WORK REQUIRED: The material below holds pictures; leave them out and reproduce exactly the lines from the one with "Derbyshire rucksack pictures etc 126" through the one with "Trendyol Outdoor Navy", inclusive.

RECORD EXCERPTS:
---

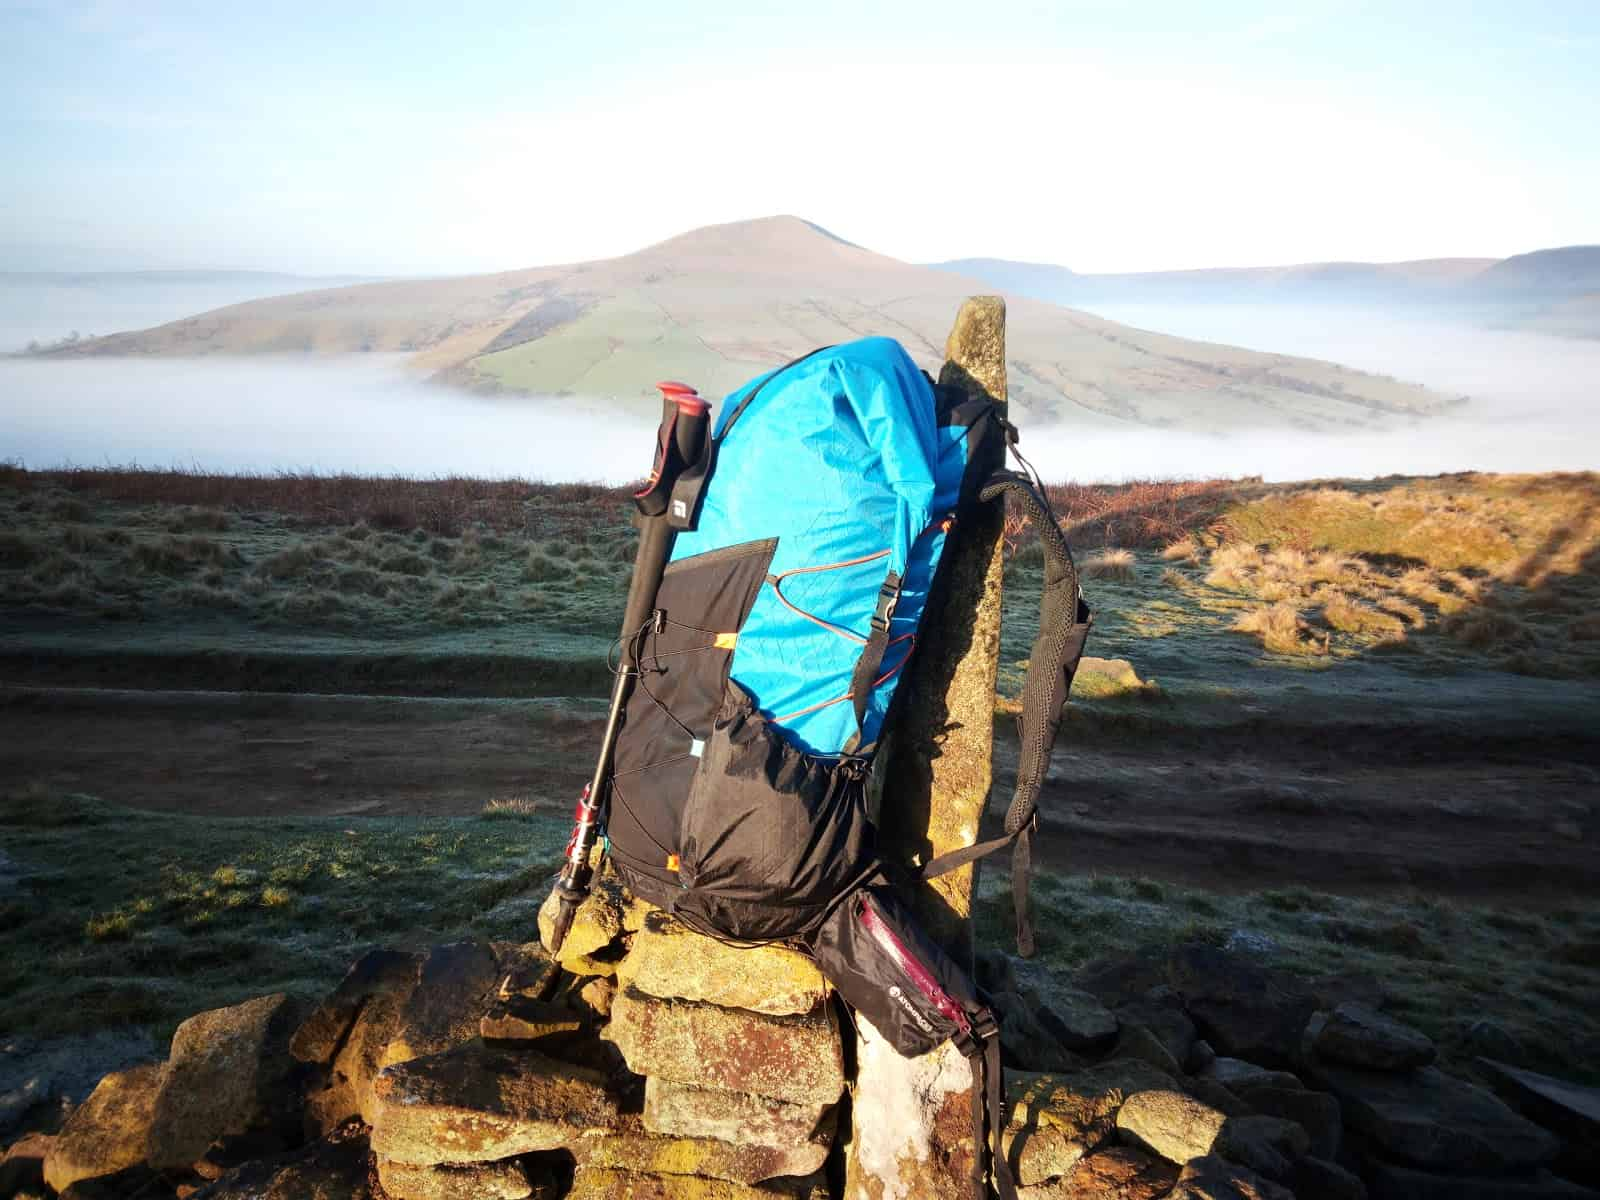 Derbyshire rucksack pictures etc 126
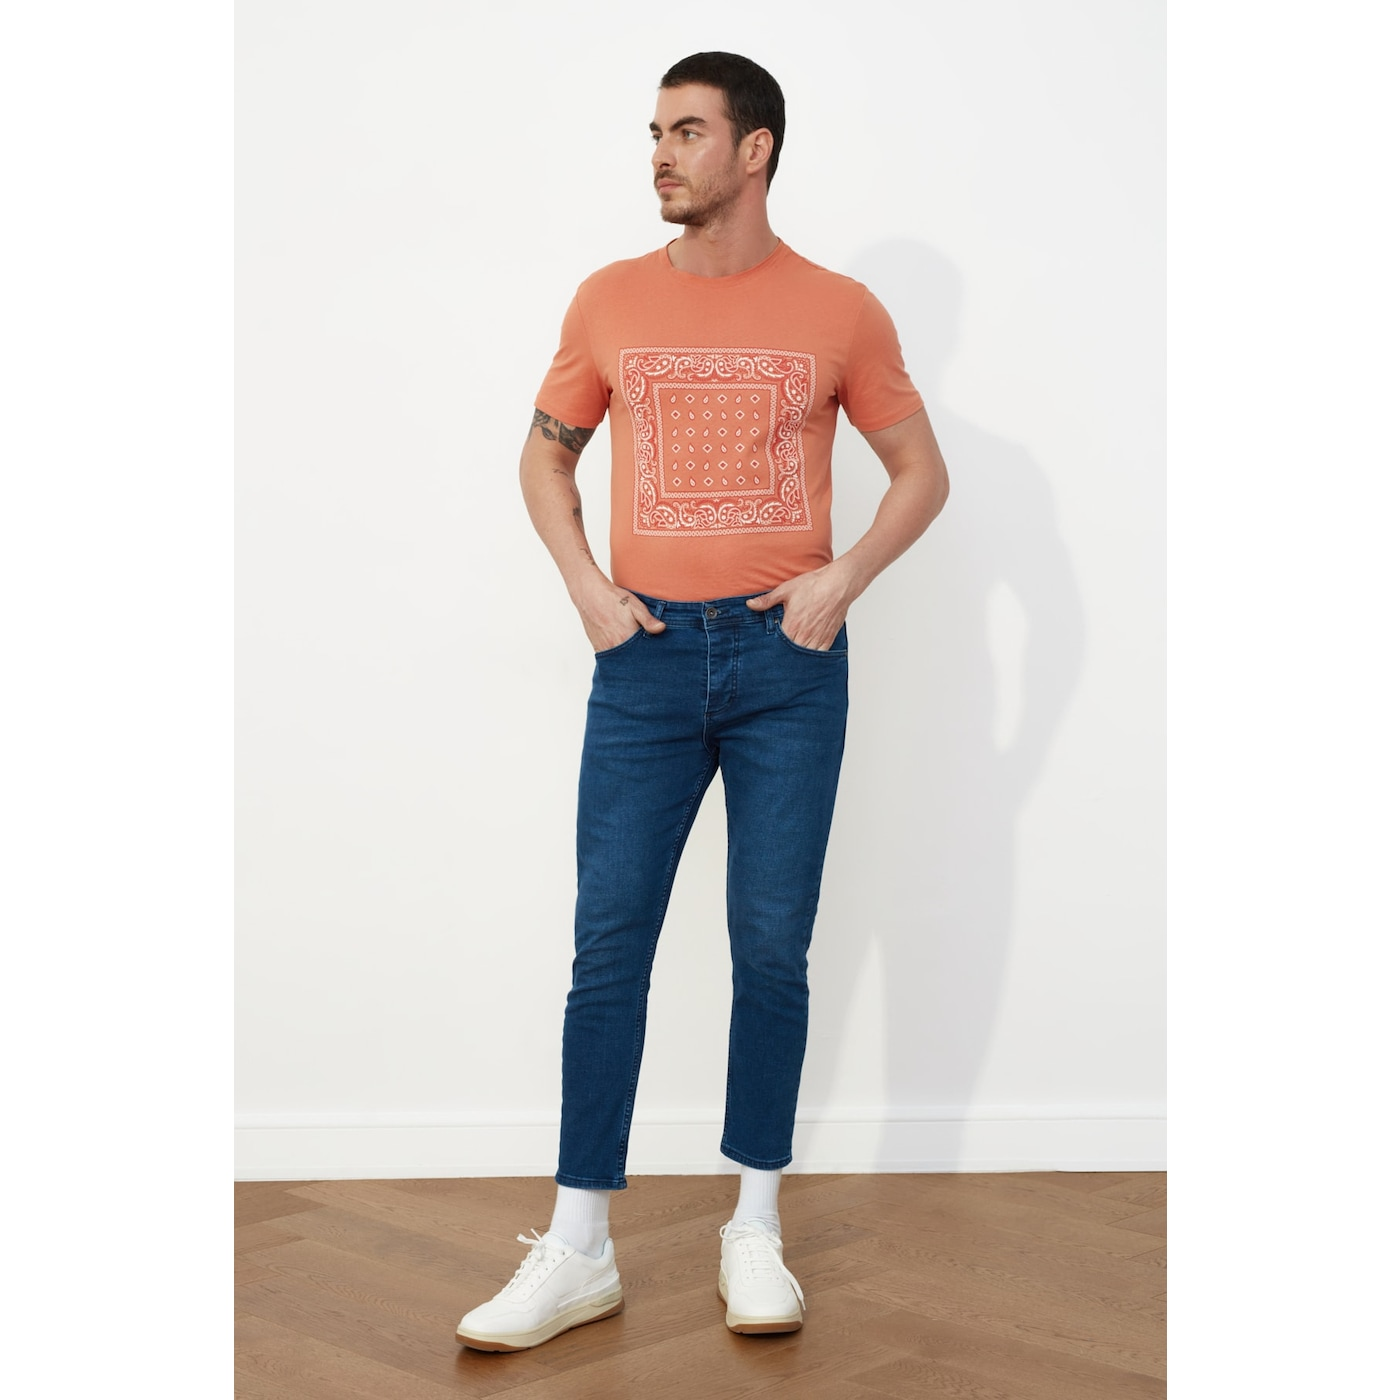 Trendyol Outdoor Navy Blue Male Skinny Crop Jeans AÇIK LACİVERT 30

---

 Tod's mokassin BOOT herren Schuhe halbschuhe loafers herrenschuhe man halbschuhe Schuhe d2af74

---

RESPONSE:
 Derbyshire rucksack pictures etc 126
 Trendyol Outdoor Navy Blue Male Skinny Crop Jeans AÇIK LACİVERT 30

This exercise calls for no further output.